From mboxrd@z Thu Jan  1 00:00:00 1970
Received: from loas.clark.net ([168.143.0.10]) by hawkwind.utcs.utoronto.ca with SMTP id <24704>; Thu, 5 Feb 1998 16:59:04 -0500
Received: from shell.clark.net (root@shell [168.143.0.8])
	by loas.clark.net (8.8.8/8.8.8) with ESMTP id KAA13081;
	Thu, 5 Feb 1998 10:25:58 -0500 (EST)
Received: from shell.clark.net (culliton@localhost [127.0.0.1]) by shell.clark.net (8.8.8/8.8.8) with ESMTP id KAA02997; Thu, 5 Feb 1998 10:25:43 -0500 (EST)
Message-Id: <199802051525.KAA02997@shell.clark.net>
To:	smarry@pantransit.smar.reptiles.org
cc:	broman@nosc.mil, culliton@clark.net, debian-devel@lists.debian.org,
	rc@hawkwind.utcs.toronto.edu, culliton@clark.net
Subject: Re: "rc" shell maintainer? 
In-reply-to: Your message of "05 Feb 1998 05:01:30 GMT."
             <19980205050130.12464.qmail@pantransit.smar.reptiles.org> 
Date:	Thu, 5 Feb 1998 10:25:42 -0500
From:	Tom Culliton <culliton@clark.net>

On 05 Feb 1998 05:01:30 GMT, smarry@pantransit.smar.reptiles.org wrote:
> Hello, this is Marc Moorcroft.  I joined the list shortly after
> running into two problems with rc-1.5b2 under Linux.
> 
> One definite bug (reported to Tim Goodwin) will cause rc to spin calling
> wait(2) if you do:
> 
> {ls & wait} | cat
> 
> There is another problem with signal handling that is a little more
> complicated.  When I upgraded to the 2.0.33 kernel, rc began hanging
> occasionally when I interrupted programs, and when I finally got irritated
> enough to check it thoroughly, I found that it failed trip.rc at:
> 
> kill -2 $pid
> 
> The relevant code is rc_wait() in wait.c:
> 
> static pid_t rc_wait(int *stat) {
> 	int r;
> 	interrupt_happened = FALSE;
> 	if (!setjmp(slowbuf.j)) {
> 		slow = TRUE;
> 		if (!interrupt_happened)
> 			r = wait(stat);
> 		else
> 			r = -1;
> 	} else
> 		r = -1;
> 	slow = FALSE;
> 	return r;
> }
> 
> It appears that some of the time, Linux will return from the wait(2)
> for the 'kill' process before the signal gets delivered.  On Linux
> installations where signal(2) has the System V behaviour (system calls
> are interrupted for signals that are caught via signal(2)) rc longjmps
> out of the signal handler (a rather alarming practice in itself) to the
> top of the enclosing code in rc_wait().  The sequence of events appears
> to be:
> 
> 	The signal is sent,
> 
> 	the process exits,
> 
> 	wait(2) returns successfully, and
> 
> 	before the longjmp gadgetry can be turned off (slow = FALSE),
> 	the signal handler IMMEDIATELY runs,
> 
> 	longjmps back to the top of the setjmp block,
> 
> and the PID that wait(2) returned is lost.  rc loops forever calling
> wait(2) with no children, waiting for the lost PID to turn up.
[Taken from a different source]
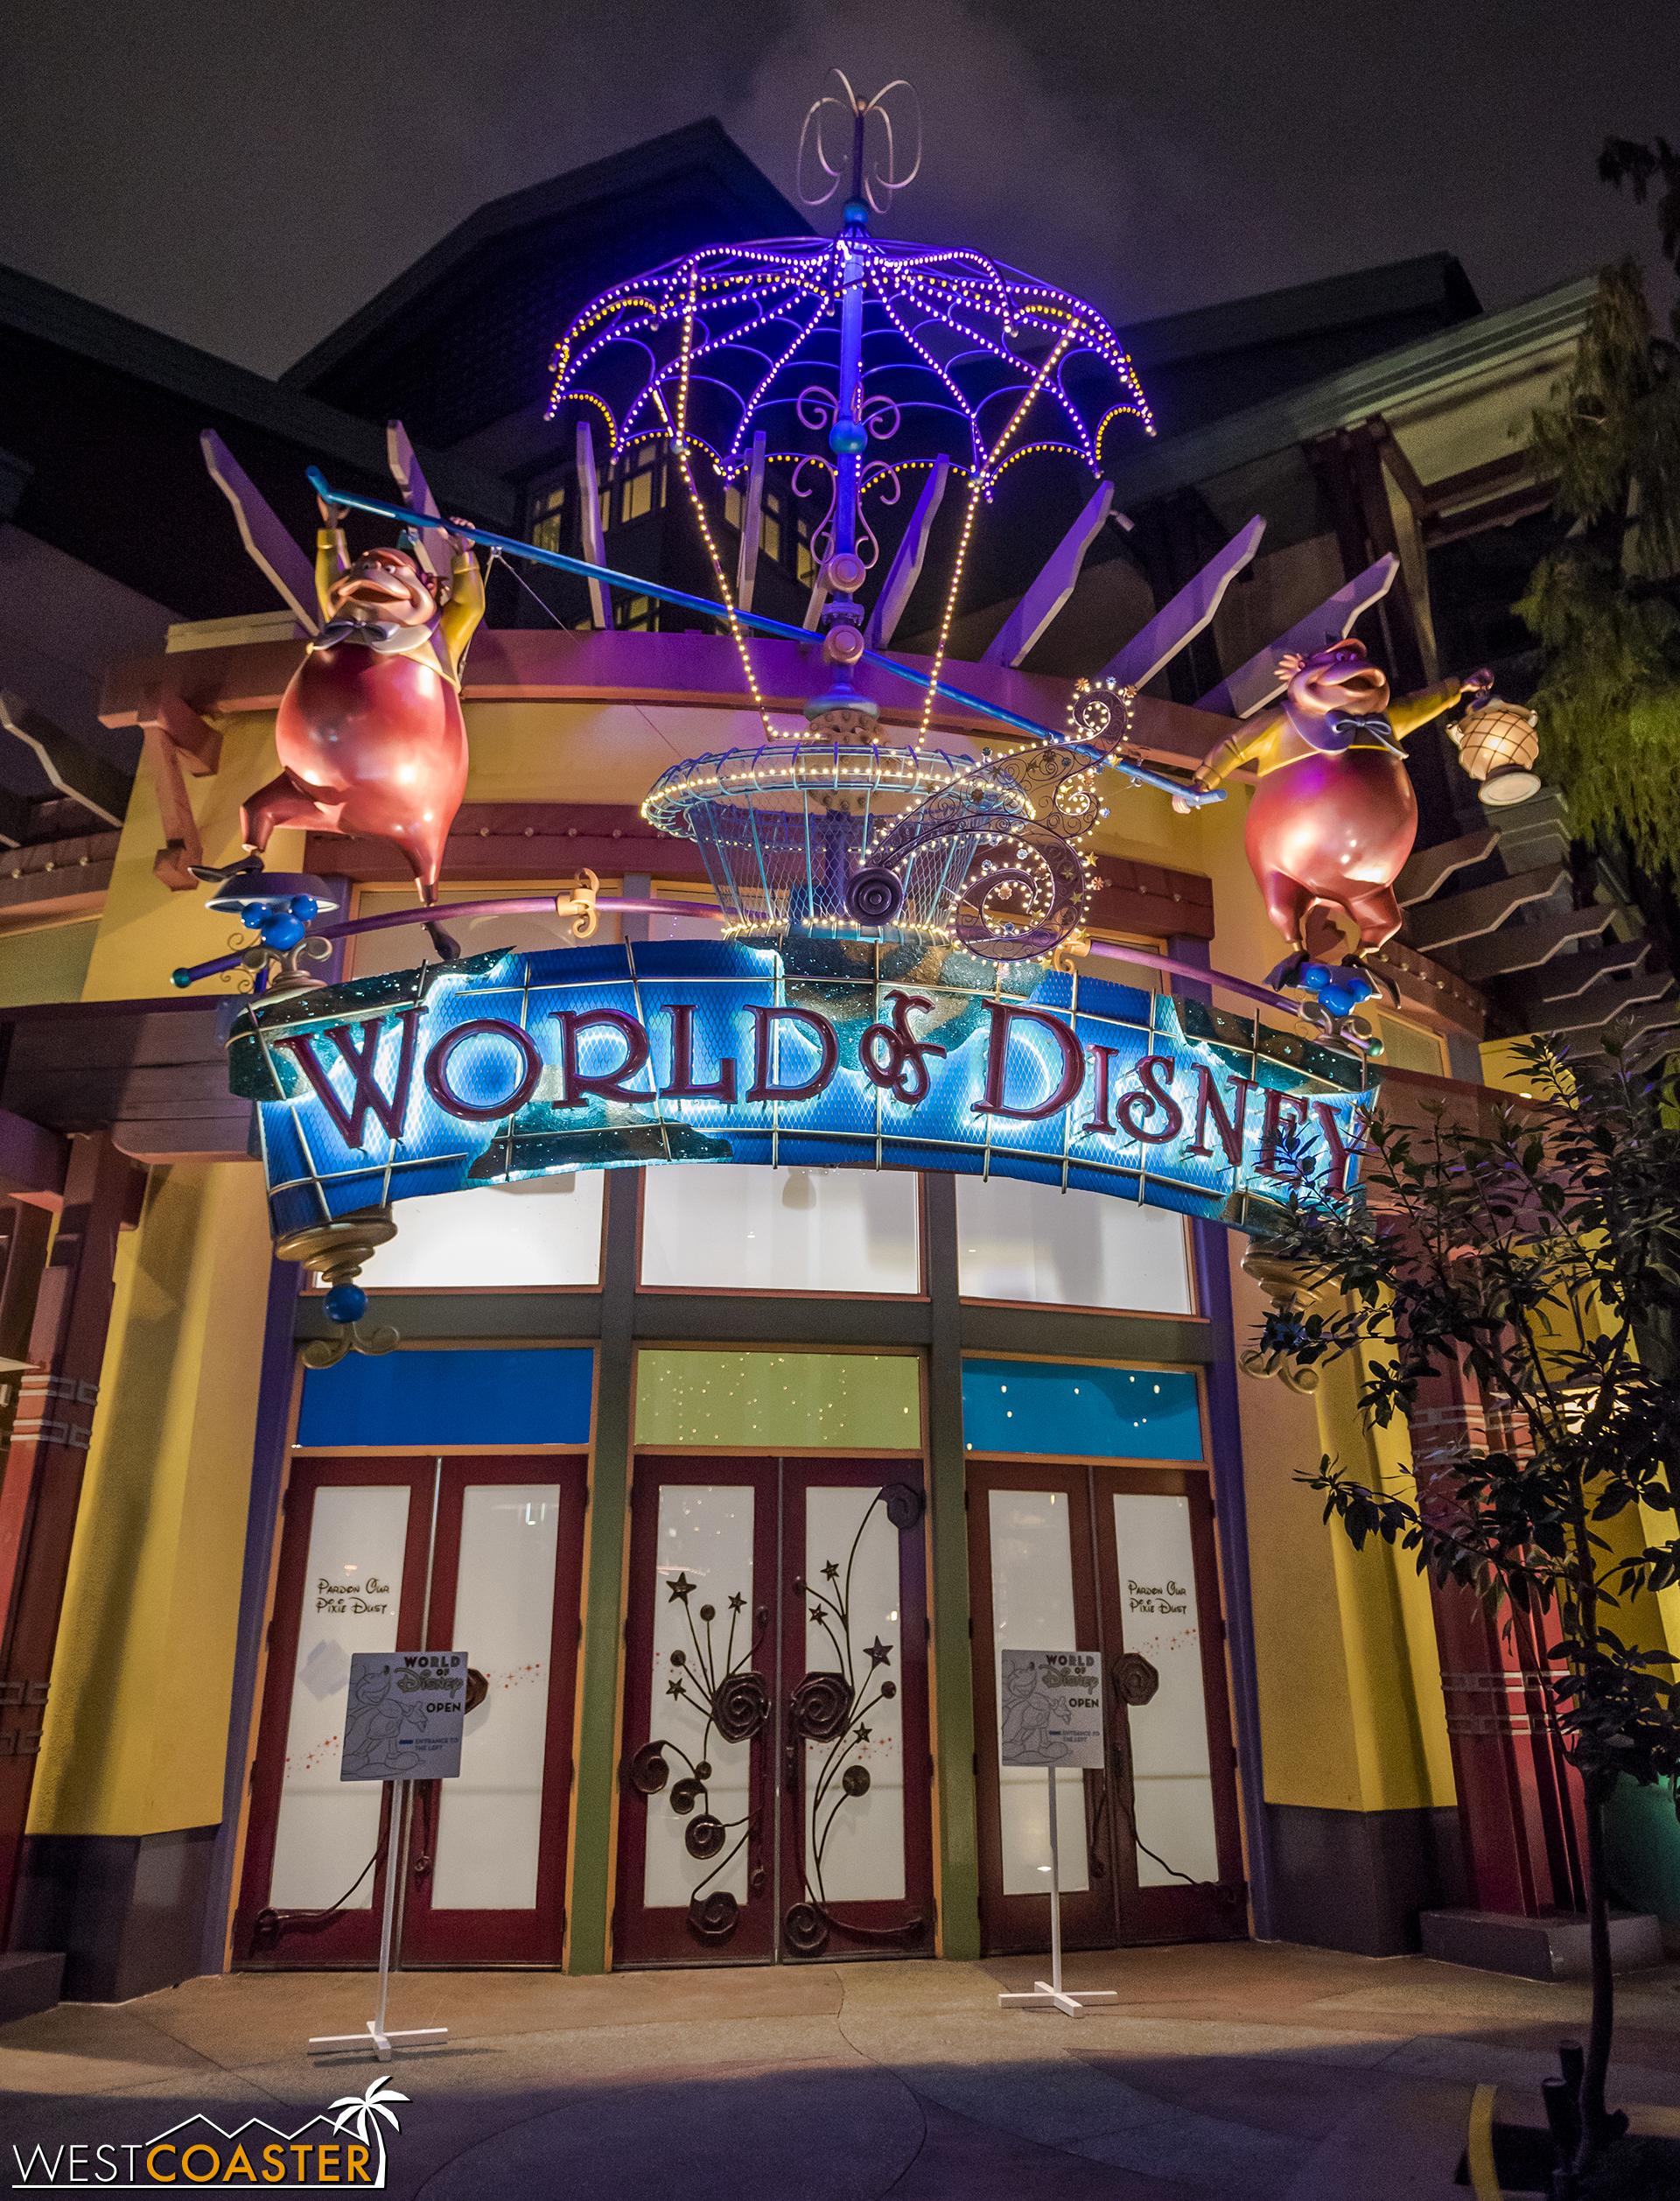 So for now, enter World of Disney from the La Brea Bakery side, not the Starbucks side.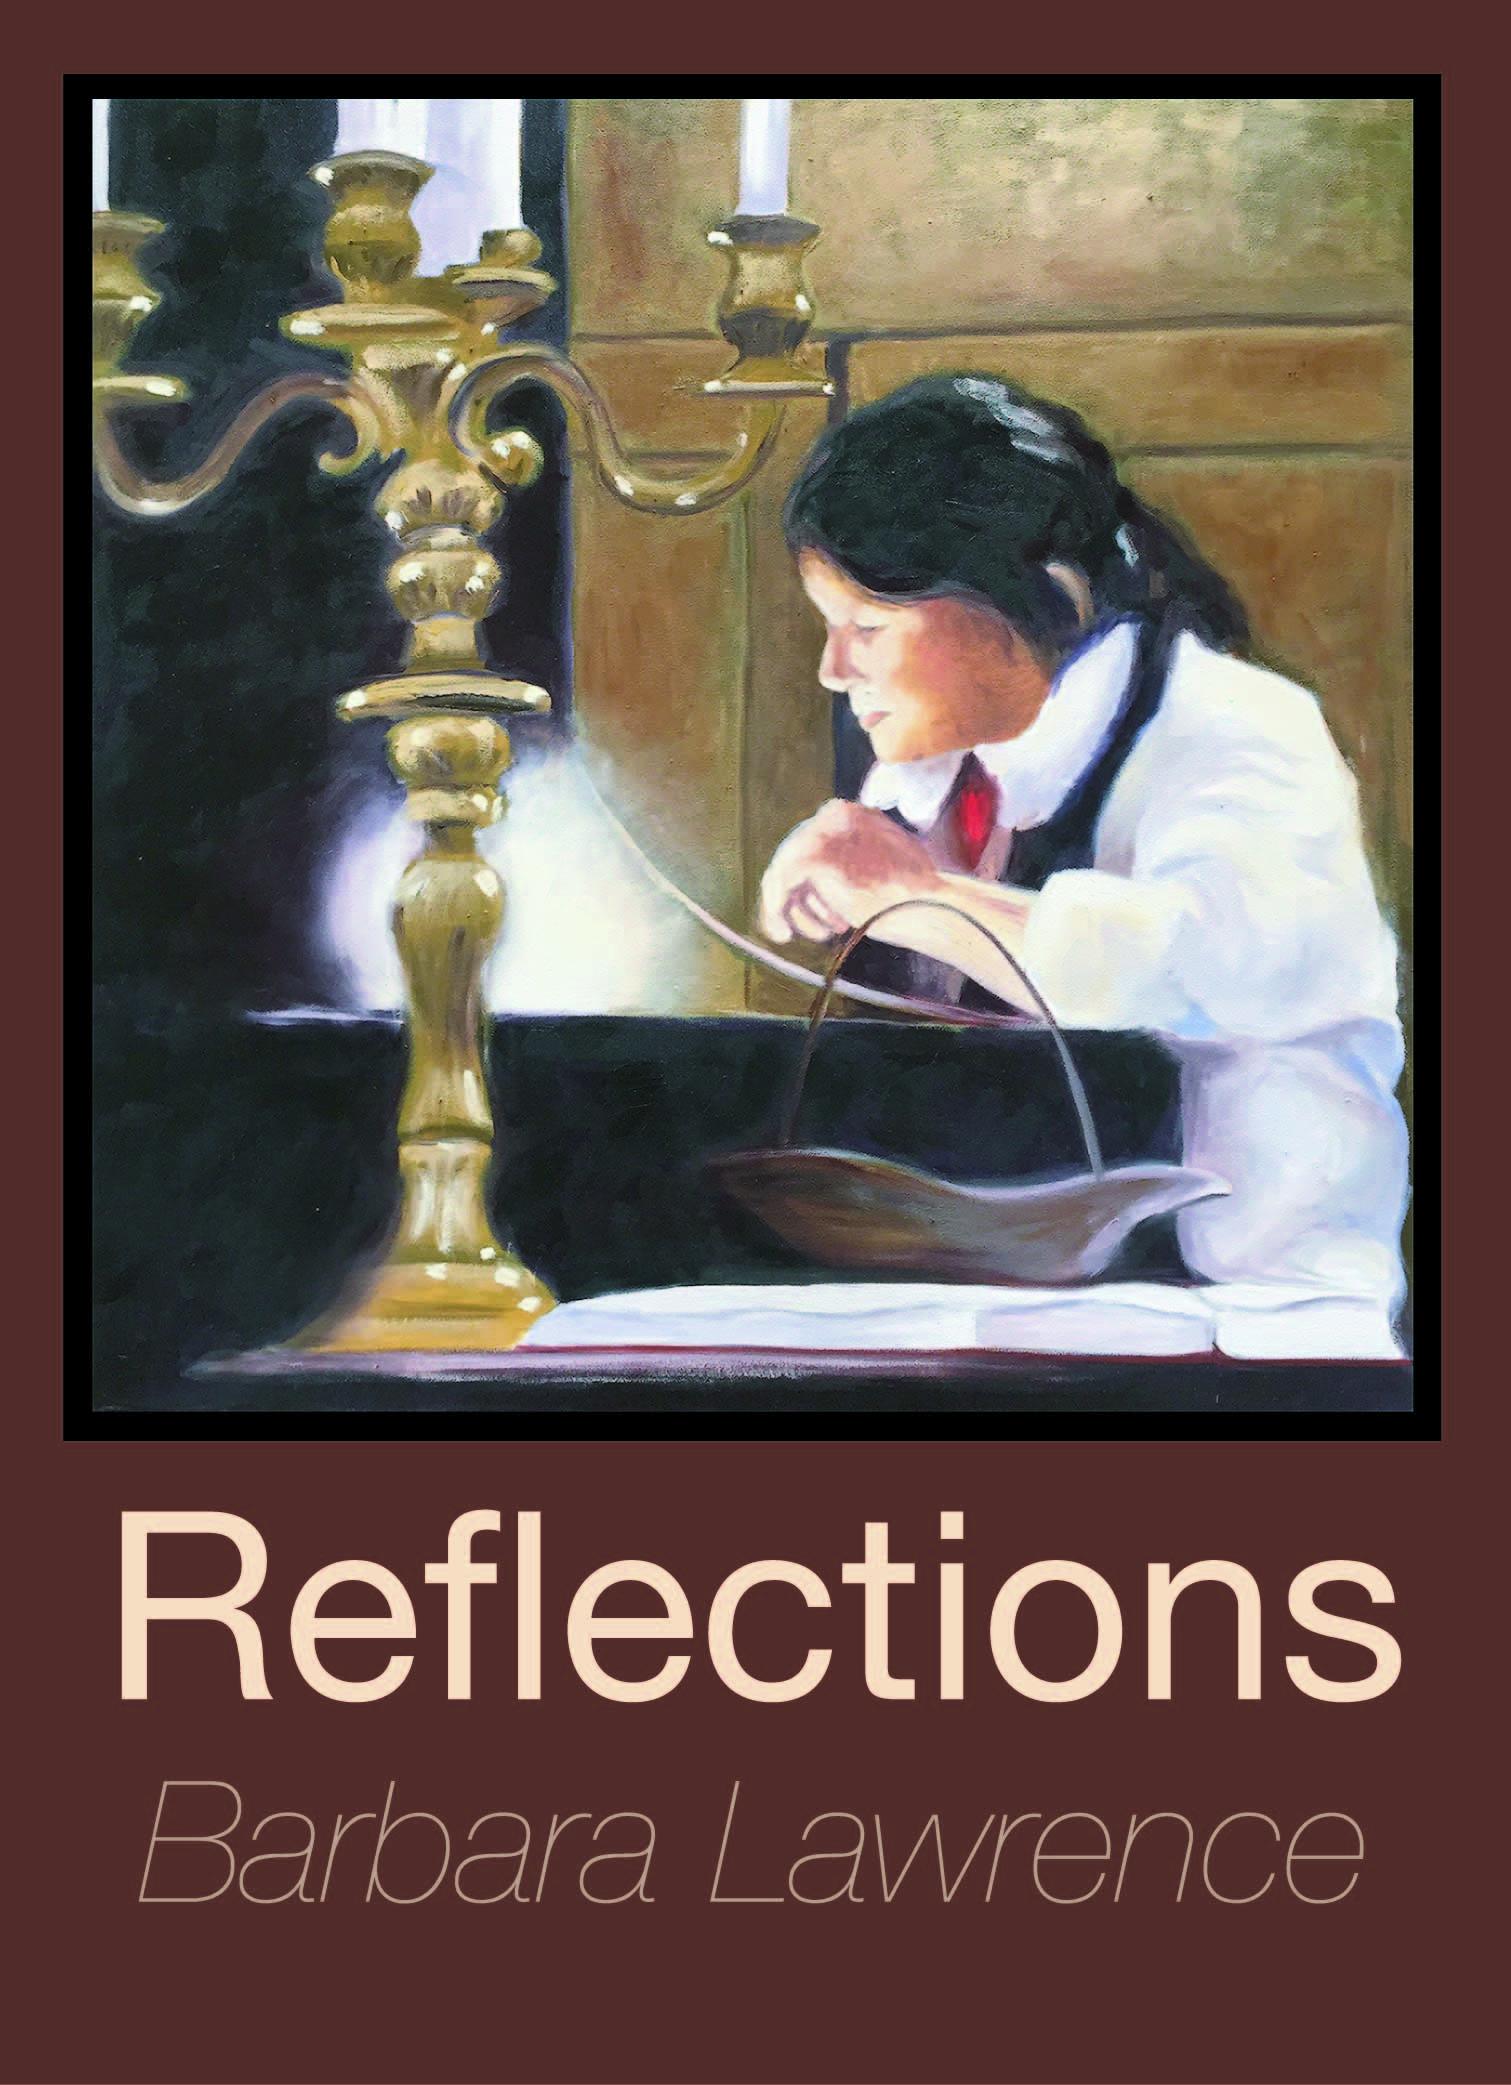 Reflecions card.jpg

Shouldn't the "interrupt_happened" flag prevent this?

> I've talked to others who have had different problems on other Linux
> installations, where caught signals do not interrupt system calls, as
> in BSD.  This appears to be due to a difference of opinion between the
> libc and glibc people about how signals should behave, but I haven't
> investigated it myself.

It sounds like you're running RedHat 5.0 or some other distribution
which uses glibc.  I haven't taken that step, partly on the "beware of
version X.0 of anything" and partly because I'm waiting until I get a
new machine.  Sounds like this is another good reason, having heard
lots of complaints of problems with glibc.

The ultimate solution maybe to move to the world of sigaction/sigblock
where those calls are available.  The signal handling in rc is one of
the hairyest aspects of the code due to portability issues and race
conditions.  Byron spent a lot of time (the change logs are full of
it) fixing race conditions and signal handling before he passed on the
torch.  (BTW - Anyone heard from him recently?)

Tom